The study compared pediatric patients, under the age of 18, who underwent an appendectomy for acute appendicitis pre-algorithm implementation and post-implementation. Researchers studied 331 pediatric cases over the course of five years, and found that CT utilization decreased from 39 percent to 18 percent after the algorithm was in place.
Researchers found that when the algorithm was implemented, use of CT scans in patients dropped by over 50 percent, without affecting diagnostic accuracy, proving that reducing the use of CT scans when evaluating patients for appendicitis is safe and cost-effective.

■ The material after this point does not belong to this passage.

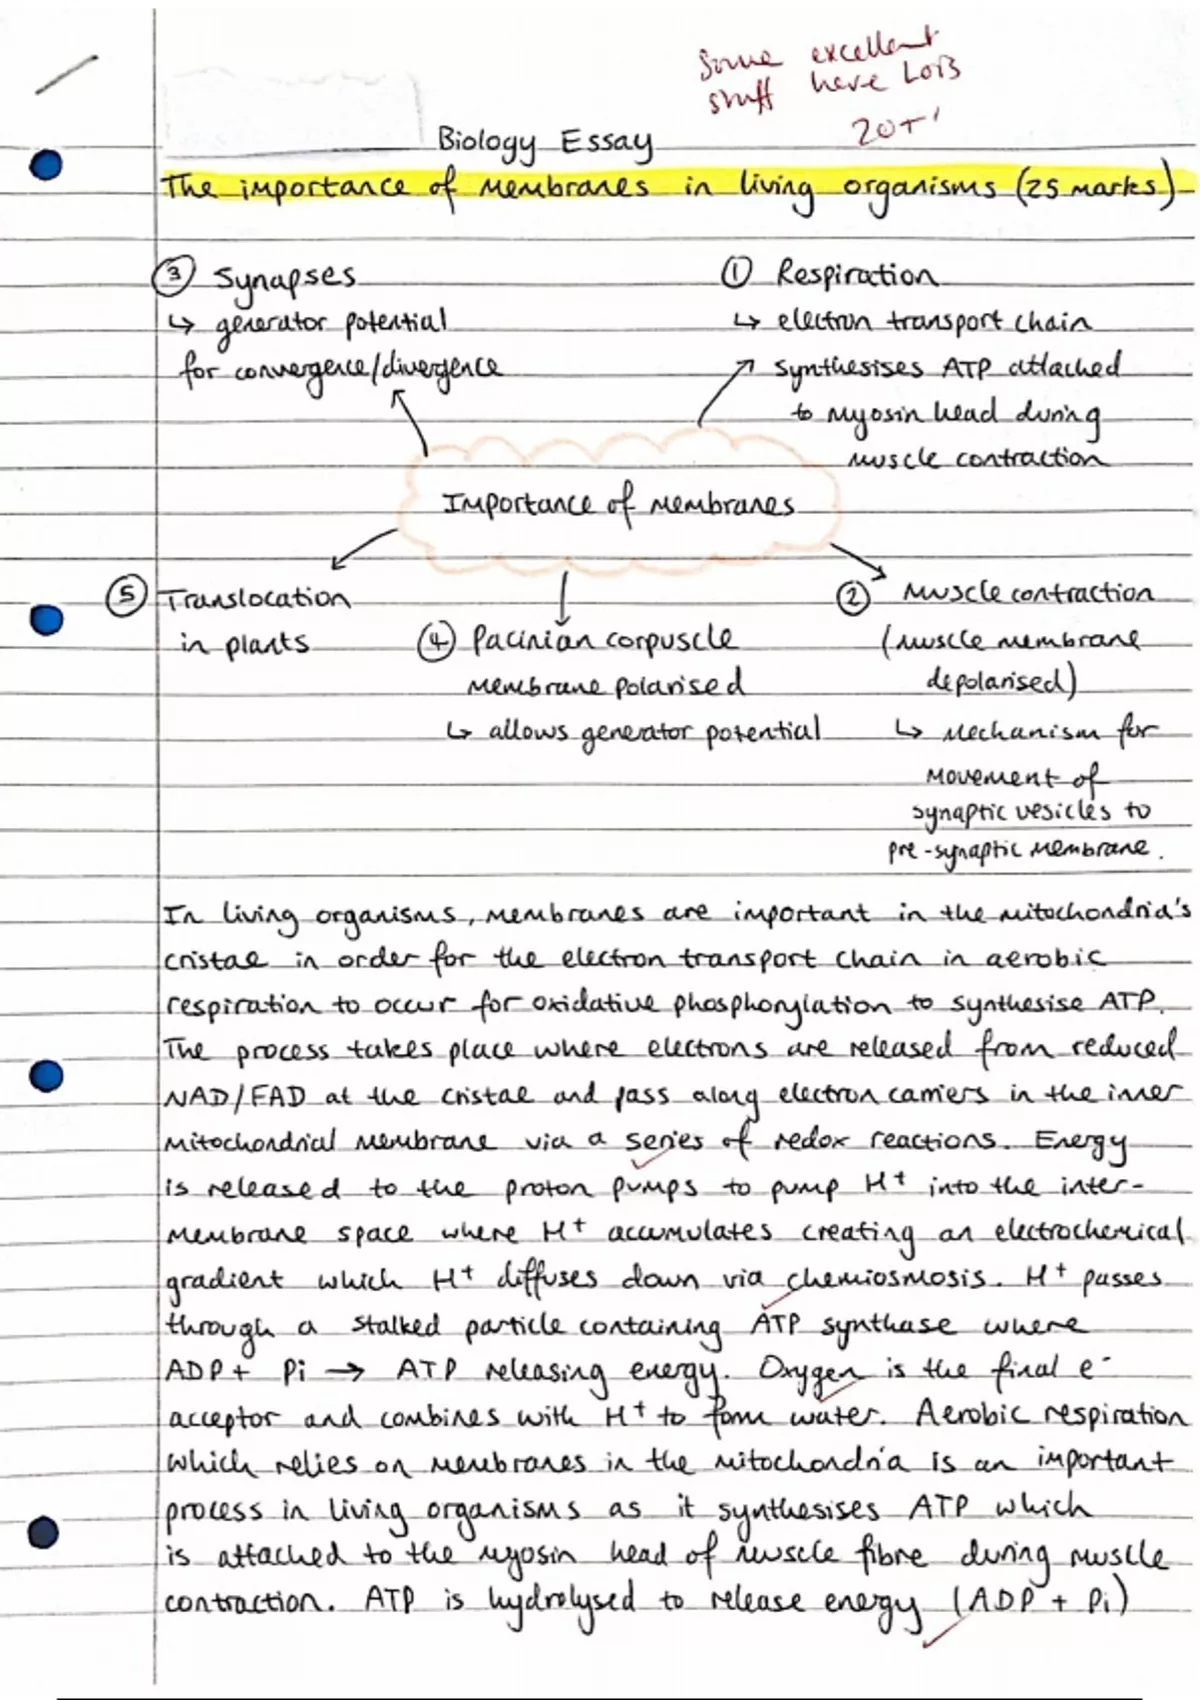 importance of membranes aqa a level biology essay

“Implementation of this algorithm across multiple centers is the ideal outcome of this study, followed by further evaluations over time to ensure that the low rate of CT scan use continues,” says Dr. Ishitani.
Other study authors include Stephanie F. Polites, M.D., and scholar, Robert D. and Patricia E. Kern Center for the Science of Health Care Delivery; Mohamed I. Mohamed, M.B.B.S.; Elizabeth B. Habermann, Ph.D., and scientific director of the Surgical Outcomes Program, Robert D. and Patricia E. Kern Center for the Science of Health Care Delivery; James L. Homme, M.D.; Jana L. Anderson, M.D.; Christopher R. Moir, M.D. and Abdalla E. Zarroug, M.D., all of Mayo Clinic.